Assuming the 90 days trading horizon Namwiwat Medical is expected to under-perform the Delta Electronics. But the stock apears to be less risky and, when comparing its historical volatility, Namwiwat Medical is 5.78 times less risky than Delta Electronics. The stock trades about -0.06 of its potential returns per unit of risk. The Delta Electronics Public is currently generating about 0.13 of returns per unit of risk over similar time horizon. If you would invest  9,920  in Delta Electronics Public on September 14, 2024 and sell it today you would earn a total of  5,630  from holding Delta Electronics Public or generate 56.75% return on investment over 90 days.
Time Period3 Months [change]
DirectionMoves Together 
StrengthInsignificant
Accuracy100.0%
ValuesDaily Returns

Namwiwat Medical  vs.  Delta Electronics Public

 Performance 
       Timeline  
Namwiwat Medical 

Risk-Adjusted Performance

0 of 100

 
Weak
 
Strong
Very Weak
Over the last 90 days Namwiwat Medical has generated negative risk-adjusted returns adding no value to investors with long positions. Despite quite persistent primary indicators, Namwiwat Medical is not utilizing all of its potentials. The latest stock price mess, may contribute to short-term losses for the institutional investors.
Delta Electronics Public 

Risk-Adjusted Performance

10 of 100

 
Weak
 
Strong
OK
Compared to the overall equity markets, risk-adjusted returns on investments in Delta Electronics Public are ranked lower than 10 (%) of all global equities and portfolios over the last 90 days. Even with relatively weak basic indicators, Delta Electronics reported solid returns over the last few months and may actually be approaching a breakup point.

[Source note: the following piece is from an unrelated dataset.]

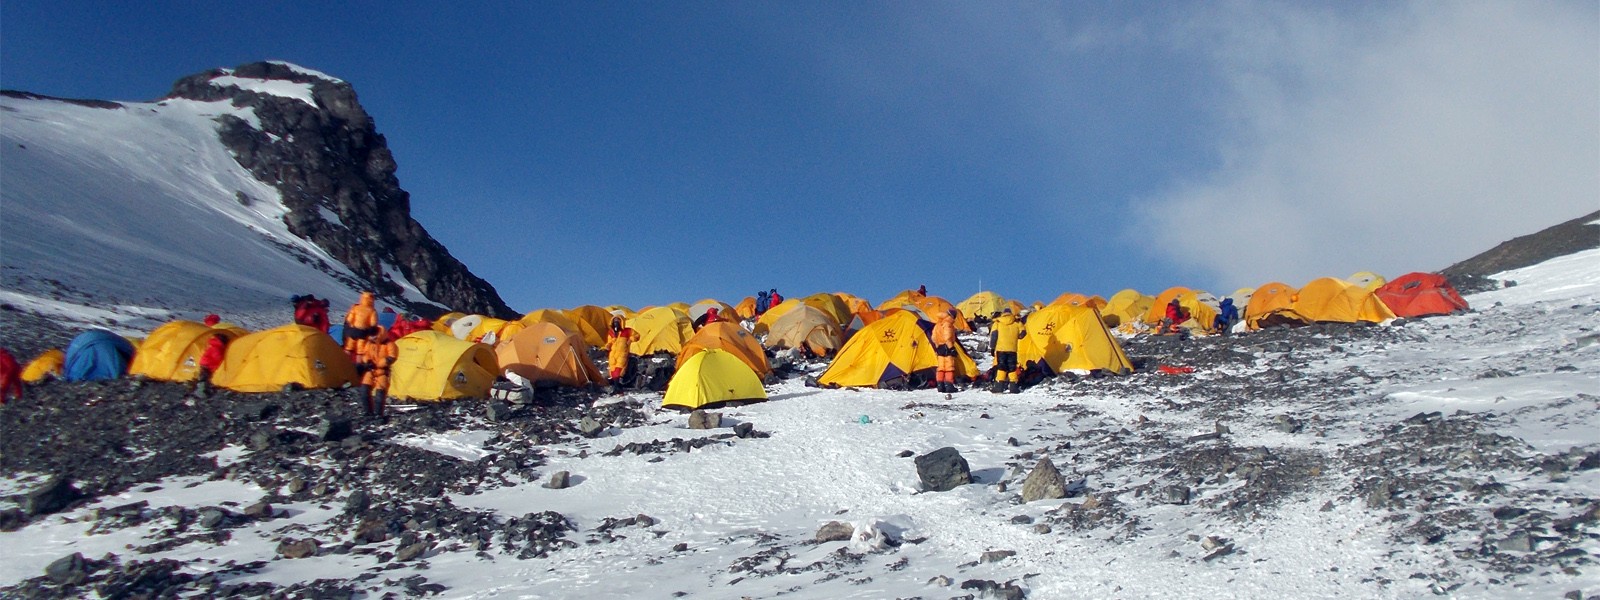 Mount Everest South Col Expedition

Namwiwat Medical and Delta Electronics Volatility Contrast

   Predicted Return Density   
       Returns  

Pair Trading with Namwiwat Medical and Delta Electronics

The main advantage of trading using opposite Namwiwat Medical and Delta Electronics positions is that it hedges away some unsystematic risk. Because of two separate transactions, even if Namwiwat Medical position performs unexpectedly, Delta Electronics can make up some of the losses. Pair trading also minimizes risk from directional movements in the market. For example, if an entire industry or sector drops because of unexpected headlines, the short position in Delta Electronics will offset losses from the drop in Delta Electronics' long position.
The idea behind Namwiwat Medical and Delta Electronics Public pairs trading is to make the combined position market-neutral, meaning the overall market's direction will not affect its win or loss (or potential downside or upside). This can be achieved by designing a pairs trade with two highly correlated stocks or equities that operate in a similar space or sector, making it possible to obtain profits through simple and relatively low-risk investment.
Check out your portfolio center.
Note that this page's information should be used as a complementary analysis to find the right mix of equity instruments to add to your existing portfolios or create a brand new portfolio. You can also try the Economic Indicators module to top statistical indicators that provide insights into how an economy is performing.